Los je eenzaamheid op met een gestolen kind?
Het is de zomer van 1938. De badplaats Margate ligt als het ware op de neuspunt van de Engelse zuidoostkust. Er is een boulevard, een park en een kermis, een echt vakantieoord. In de ochtenduren heeft de trein een stoet van gezinnen met kleine en grote kinderen losgelaten. De niet met naam genoemde vertelster bekijkt de drukte om zich heen tot ze haar doel gevonden heeft. Een onbeheerde kinderwagen, ze stapt erop af en neemt hem mee, tevreden constaterend dat er een baby in ligt. Achter haar breekt al snel paniek uit, maar dat deert haar niet. Ze merkt het wel, vertelt hoe mensen in groepjes op zoek gaan, de ouders in paniek zijn. Ze legt het kind op de achterbank van haar auto en vertrekt.

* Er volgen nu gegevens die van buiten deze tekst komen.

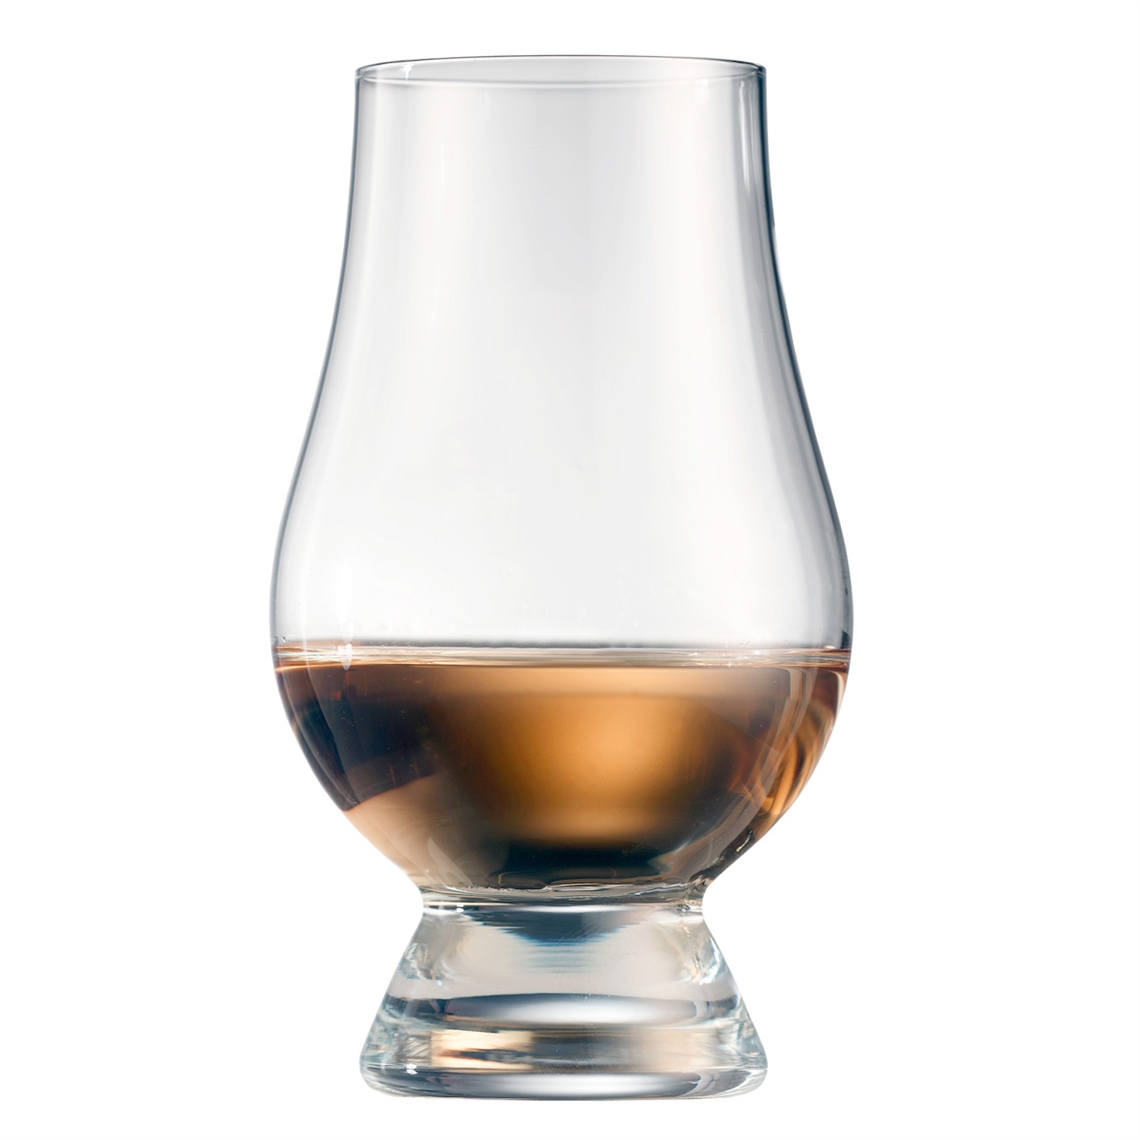 View more taste from our Whisky Glasses range

Al gauw blijkt, dat het een goed voorbereide actie is. In haar koffer zitten luiers, wat eten en zelfs een boek over de verzorging van kleine kinderen. De ‘nieuwbakken moeder’ woont met Albert, zoals ze het jongetje noemt, in haar auto. Af en toe een pensionkamer hurend, als dat om hygiënische redenen gewenst is. Ze is ervan overtuigd dat ze juist gehandeld heeft.
De kern van het verhaal is niet zo zeer de kidnap, als wel het achterliggende motief. De vrouw is onvoorstelbaar eenzaam, een doel in het leven heeft ze niet, vrienden of familie evenmin. Die eenzaamheid is zo absoluut, dat de mensen om haar heen, inclusief de verdrietige ouders, haar niet emotioneel meer kunnen raken. De vrouw mist elk empathisch vermogen. Ze is ervan overtuigd dat de eerste zes maanden van Albert uit zijn geheugen gewist zullen worden, “het echtpaar dat hem had voortgebracht zou hij zich niet herinneren. De tijd werkt in hun nadeel.”

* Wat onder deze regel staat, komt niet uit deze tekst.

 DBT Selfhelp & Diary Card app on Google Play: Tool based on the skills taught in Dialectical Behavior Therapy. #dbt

Schuldgevoel is er ook niet. Als ze de verdrietige moeder op de boulevard heeft zien staan, merkt ze op:
“Ik had tijd verloren met het observeren van die verdrietige vrouw die haar kind kwijt was.”

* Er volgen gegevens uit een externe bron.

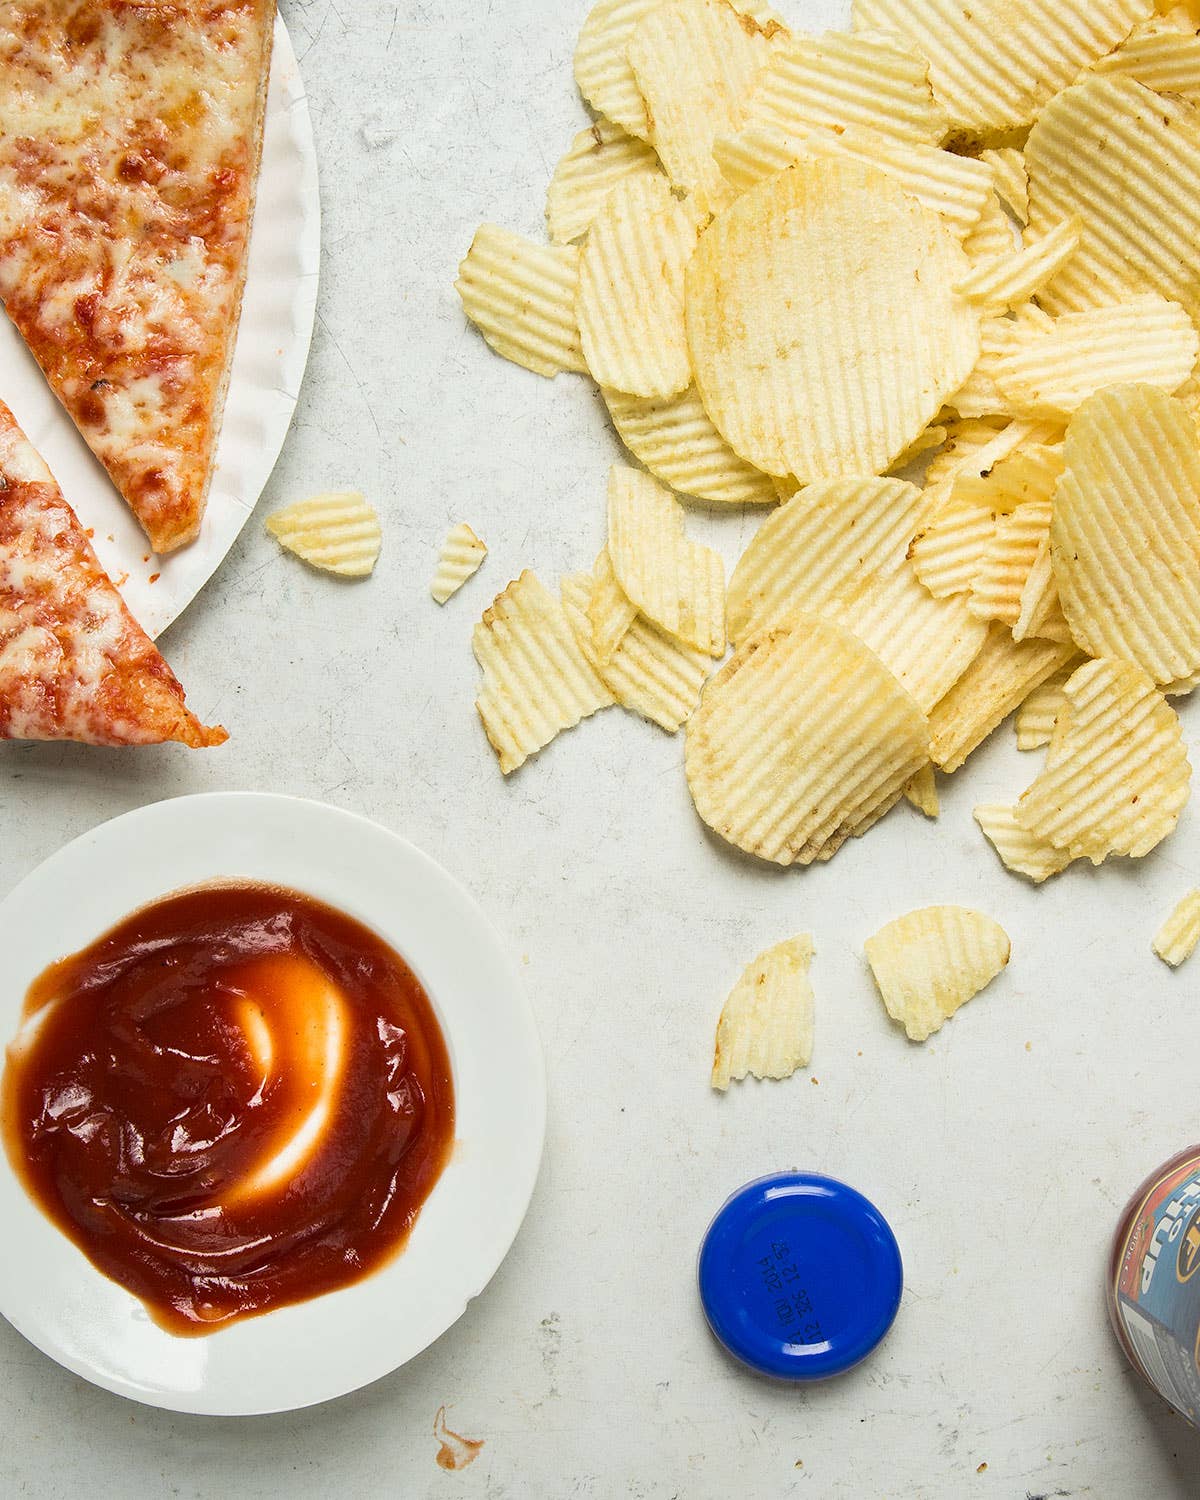 Obsessions: Irish Ketchup, with Plenty of Bite

Zelfs de liefde voor Albert is beredeneerd, het is een deel van het plan, het stichten van een gezin. Zonder al dat gedoe eromheen. Om niet meer eenzaam te zijn, ergens bij te horen. Niet uitgelachen te worden.
Al gauw komen er ook bedenkingen. Hoe moet het met haar bioscoopbezoeken, haar geld dat opraakt, de altijd terugkomende zorg voor een baby? Tot de laatste bladzijde weet de schrijver de spanning vast te houden.
Gerard Donovan (1959) schrijft in korte zinnen, waardoor de afstandelijkheid van de hoofdpersoon nog duidelijker voelbaar wordt. Vaak wordt een gedachtestroom beëindigd met een korte, soms wat raadselachtige conclusie. Over het kind en het boek over opvoeden: “ik moest hem terug stoppen in het boek”. De beschrijvingen van de omgeving doen hier en daar wat gekunsteld aan: “terwijl de nacht zich rond de koplampen sloot en ze vilde tot op het bot”. De vertaalster, Marion Op den Camp, heeft de sfeer van het vooroorlogse Zuid-Engeland goed weten te behouden. De geuren van de zee en het strand, de families onder hun parasols, je ziet het voor je.
De vraag blijft hangen, als je het boek al lang uit hebt. Kun je eenzaamheid oplossen door het verdriet van een ander?